Tune connector settings

The Google Cloud Search SDK contains several Google-supplied configuration parameters used by all connectors. Knowing how to tune these settings can greatly streamline the indexing of data. This guide lists several issues that can surface during indexing and the settings used to resolve them.

Indexing throughput is low for FullTraversalConnector

The following table lists configuration settings to improve throughput for a FullTraversalConnector:

Setting Description Default Configuration change to try
traverse.partitionSize The number of ApiOperation() to be processed in batches before fetching additional APIOperation(). The SDK waits for current partition to be processed before fetching additional items. This setting is dependent on amount of memory available. Smaller partition sizes, such as 50 or 100, require less memory but more waiting on behalf of the SDK. 50 If you have a lot of memory available, try increasing partitionSize to 1000 or more.
batch.batchSize The number of requests batched together. At the end of partitioning the SDK waits for all batched requests to process from the partition. Larger batches require a longer wait. 10 Try lowering batch size.
batch.maxActiveBatches Number of allowable concurrently executing batches. 20 If you lower batchSize, you should bump maxActiveBatches according to the this formula:

maxActiveBatches = (partitionSize / batchSize) + 50. For example if your partititionSize is 1000 and your batchSize is 5, your maxActiveBatches should be 250. The extra 50 is a buffer for retry requests. This increase allows the connector to batch all requests without blocking.
traverse.threadPoolSize Number of threads the connector creates to allow for parallel processing. A single iterator fetches operations (typically RepositoryDoc objects) serially, but the API calls process in parallel using threadPoolSize number of threads. Each thread processes one item at a time. The default of 50 would process at max only 50 items simultaneously and it takes approximately 4 seconds to process an individual item (including the indexing request). 50 Try increasing threadPoolSize by a multiple of 10.

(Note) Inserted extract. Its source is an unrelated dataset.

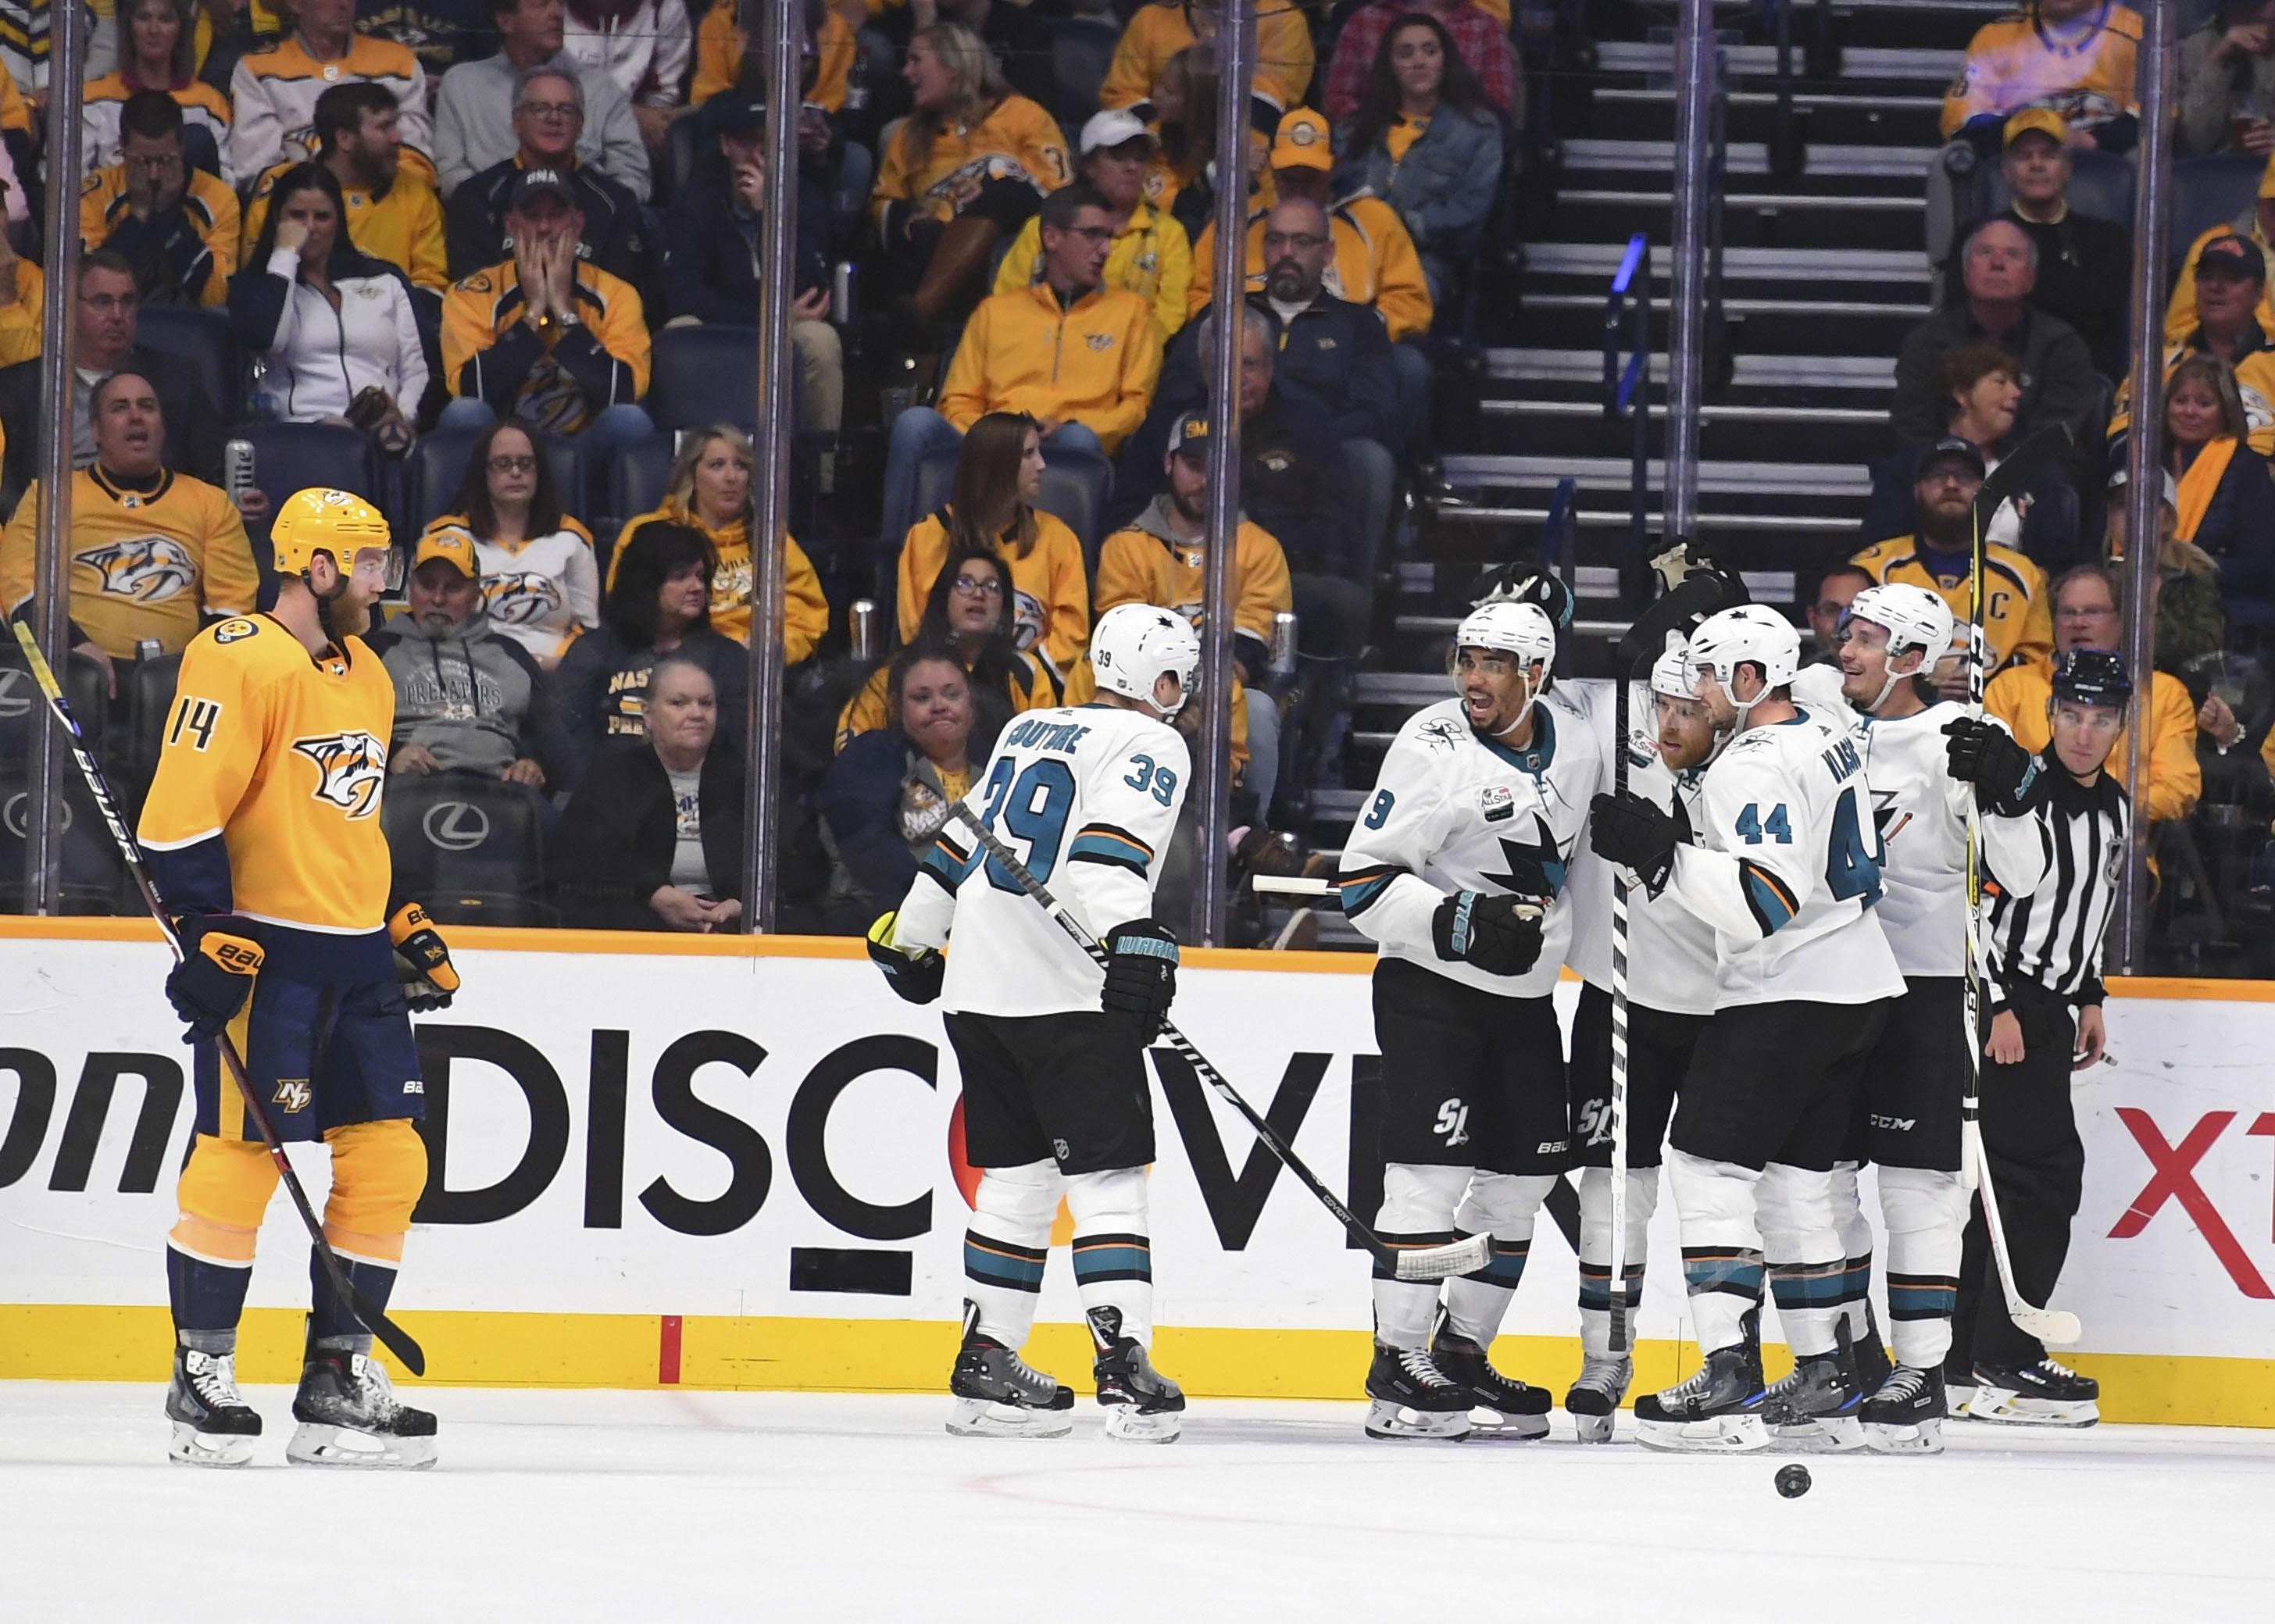 Oct 23, 2018; Nashville, TN, USA; San Jose Sharks players celebrate after a goal by center Joe Pavelski (8) during the third period against the Nashville Predators at Bridgestone Arena.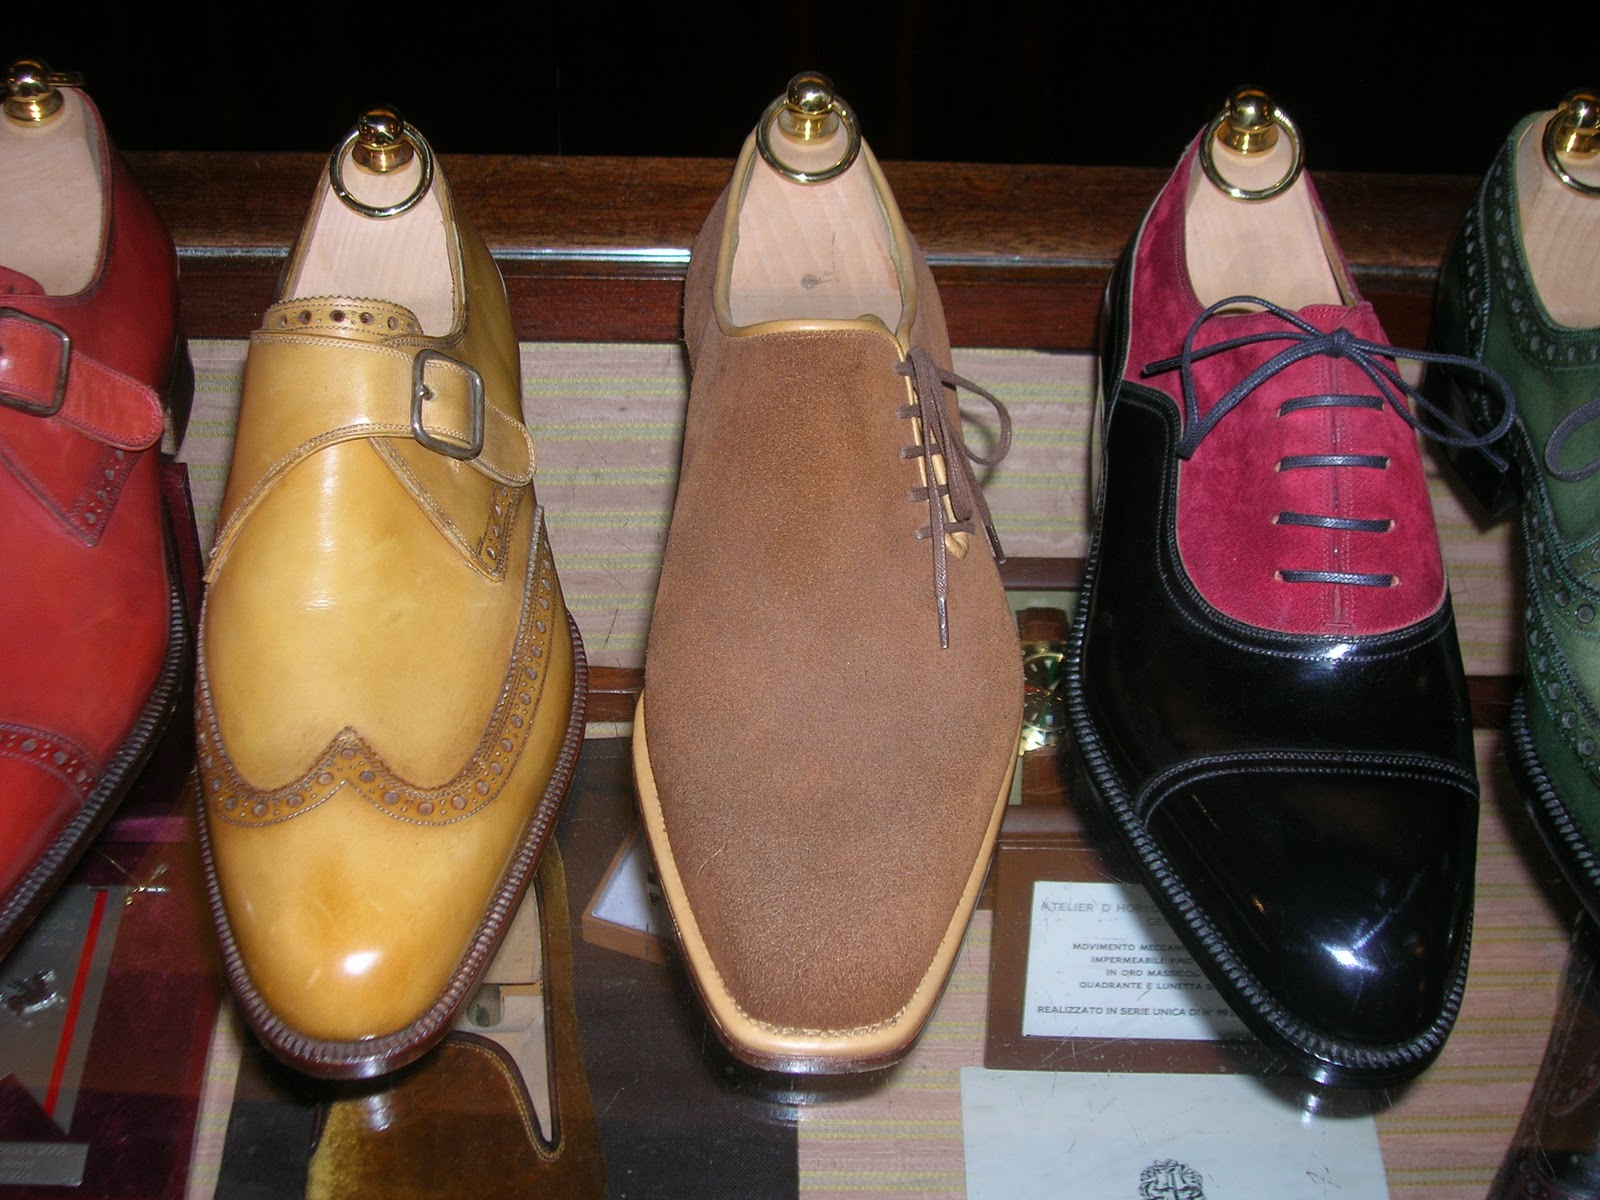 Happy Holidays! The Shoe Snob Blog

Finally, consider using the setRequestMode() method to change the API request mode (either ASYNCHRONOUS or SYNCHRONOUS).

For additional information on configuration file parameters, refer to Google-supplied configuration parameters.

Indexing throughput is low for ListTraversalConnector

By default, a connector that implements the ListTraversalConnnector uses a single traverser to index your items. To increase indexing throughput, you can create multiple traversers each with its own configuration focusing on specific item statuses (NEW_ITEM, MODIFIED, and so on). The following table lists configuration settings to improve throughput:

.
SettingDescriptionDefaultConfiguration change to try
repository.traversers = t1, t2, t3, ...Creates one or more individual traversers where t1, t2, t3, ... is the unique name of each. Each named traverser has its own set of settings which are identified using the traverser's unique name, such as traversers.t1.hostload and traversers.t2.hostloadOne traverserUse this setting to add additional traversers
traversers.t1.hostload = nIdentifies the number of threads, n, to use to simultaneously index items.5Experiment with tuning n based on how much load you want to put on your repository. Start with values of 10 or above.
schedule.pollQueueIntervalSecs = sIdentifies the number of seconds, s, to wait before re-polling . The content connector continues to poll items as long as the API returns items in the poll response. When poll response is empty, the connector waits for s seconds before trying again. This setting is only used by the ListingConnector10Try lowering to 1.
traverser.t1.pollRequest.statuses = status1, status2, …Specifies the statuses, status1, status2, , of the items to index. For example, setting status1 to NEW_ITEM and status2 to MODIFIED instructs traverser t1 to index only items with those statuses.One traverser checks for all statusesExperiment with having different traversers poll for different statuses.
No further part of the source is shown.